Sin embargo, se reconocen ciertas limitaciones. El modelo asume un evento puntual de admixtura y aislamiento posterior, mientras la verdadera historia puede ser más compleja, con gene flow continuo o múltiples eventos no modelados. Además, las suposiciones de neutralidad y tasas constantes de mutación y recombinación simplifican procesos biológicos que en realidad varían. En el contexto más amplio, estos resultados complementan y amplían estudios que detectan señales de introgresión más recientes provenientes de linajes arcaicos desconocidos, especialmente en África, y aportan una base genética para propuestas de un origen humano en poblaciones subdivididas y dinámicas. El desarrollo de cobraa representa un progreso metodológico que permite superar problemas clásicos de idoneidad en la inferencia demográfica a partir de genomas individuales, incrementando la capacidad para detectar y cuantificar estructuras ancestrales en épocas remotas.

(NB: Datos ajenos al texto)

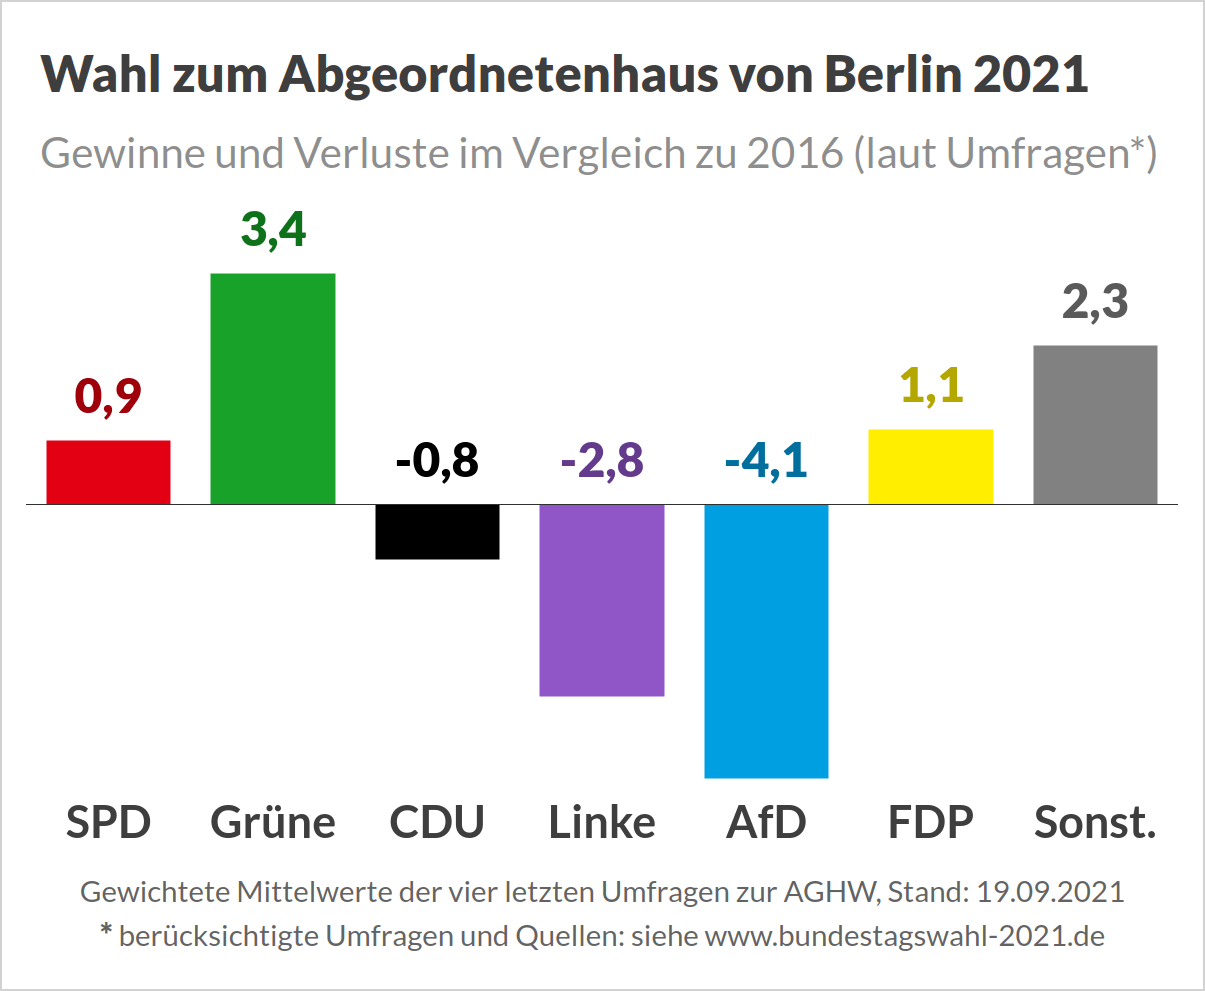 Wahl zum Abgeordnetenhaus von Berlin 2021 (Landtagswahl) - Umfragen

La integración futura de datos adicionales, como espectros de frecuencia alelica y genealogías ancestrales, promete ofrecer aún mayor resolución. En suma, la identificación de una profunda estructura ancestral común en los humanos modernos redefine nuestra comprensión de la historia evolutiva, subrayando la importancia de eventos antiguos de divergencia y remezcla que han dejado una huella genética indeleble en nuestro genoma. Este trabajo abre nuevas vías para conectar las evidencias genéticas con el registro fósil y paleoclimático, profundizando el relato sobre quiénes somos y de dónde venimos.